What's your point - that you are another illegal alien sympathizer on the thread who would and probably does hire illegal aliens? Whatever. "Then come back" and tell me how it is all right for these companies [sounds like you] to break America's laws.
LOL! Me a "lawless libertarian", you havent read my replies on the libertarian threads have you. First of all I'm not for tearing down the border and have many times stated that I am for the Kyl/Cornyn guest worker plan and I wish not to punish businesses that produce benficial goods and services as you seem wont to do.
There are that many jobs for uneducated, unqualified, gophers out there? Imagine one of them, illegals, who have no experience building your $750,000.00 home...hmm....
Problem is welfare and social security taxes have so distorted the market price that the market does not work very well.
Maybe that's why so many of the expensive homes around here have problems soon after they are built...
Then you had better automate leaf raking, floor scrubbing, baby sitting, oil changing, tire fixing, potato peeling (I can't wait to see the automated potato peeler/slicer/dicer at Kevin's Coffee Shop)... etc., etc., etc.
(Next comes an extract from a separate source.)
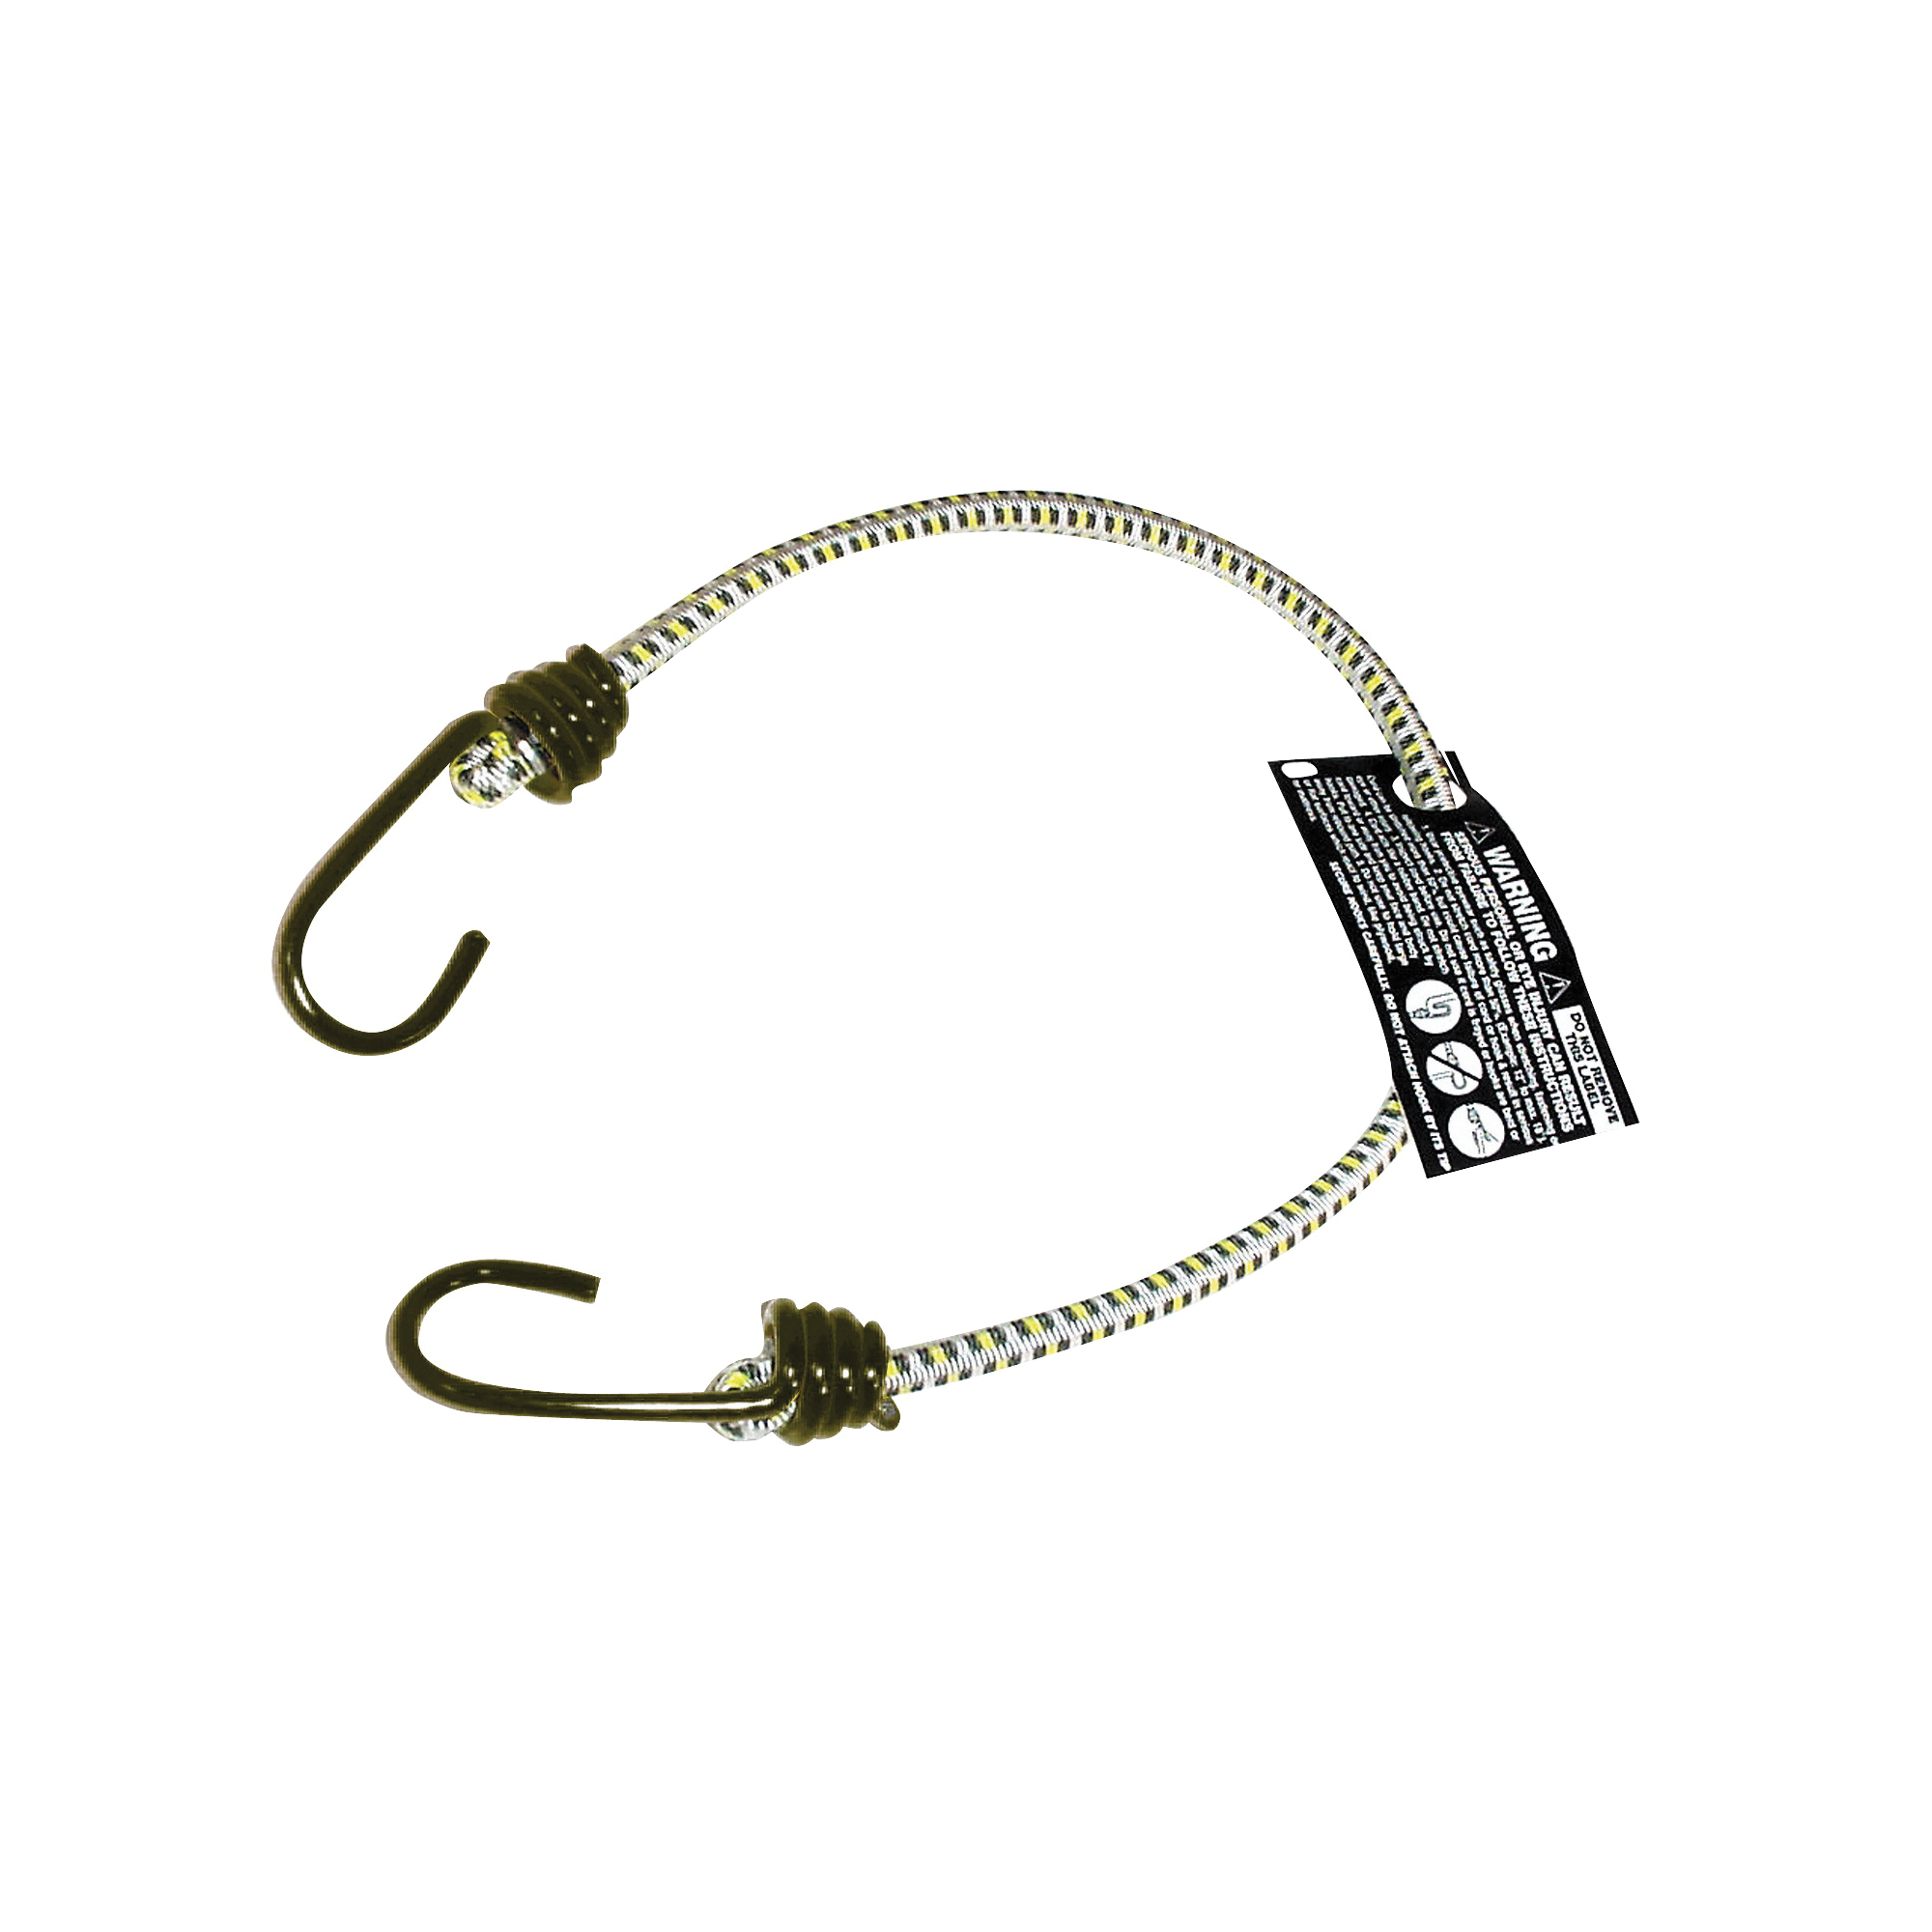 06019 Bungee Cord, 18 in L, Rubber, Hook End
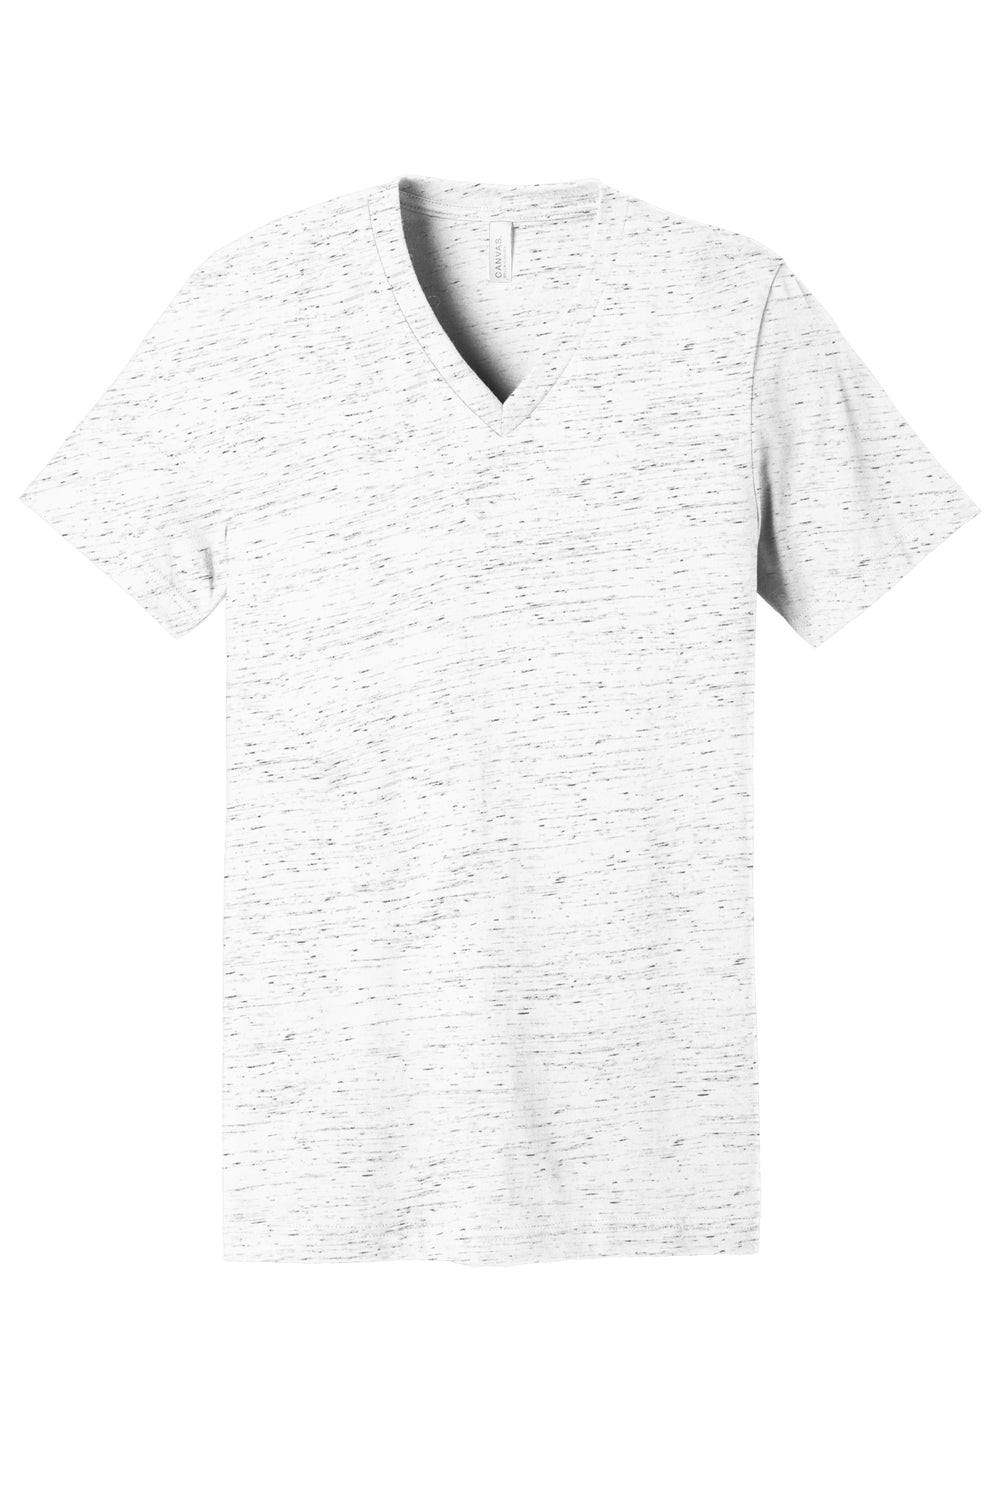 Bella + Canvas BC3655/3655C Mens Textured Jersey Short Sleeve V-Neck T-Shirt White Marble  Flat Front

I wrote a speech for an auto executive recently about the CURRENT shortage of dealer service technicians which stands at 100,000. These are good jobs at good wages that are begging for entry level techicians who can come in and learn the business. The proprietary schools are graduating young men and women in this field but they're not enough, and the manufacturers are providing scholarships and stipends for promising students. There are good jobs out there. What are you going to say when an immigrant (legal or otherwise) steps up to the take one of them?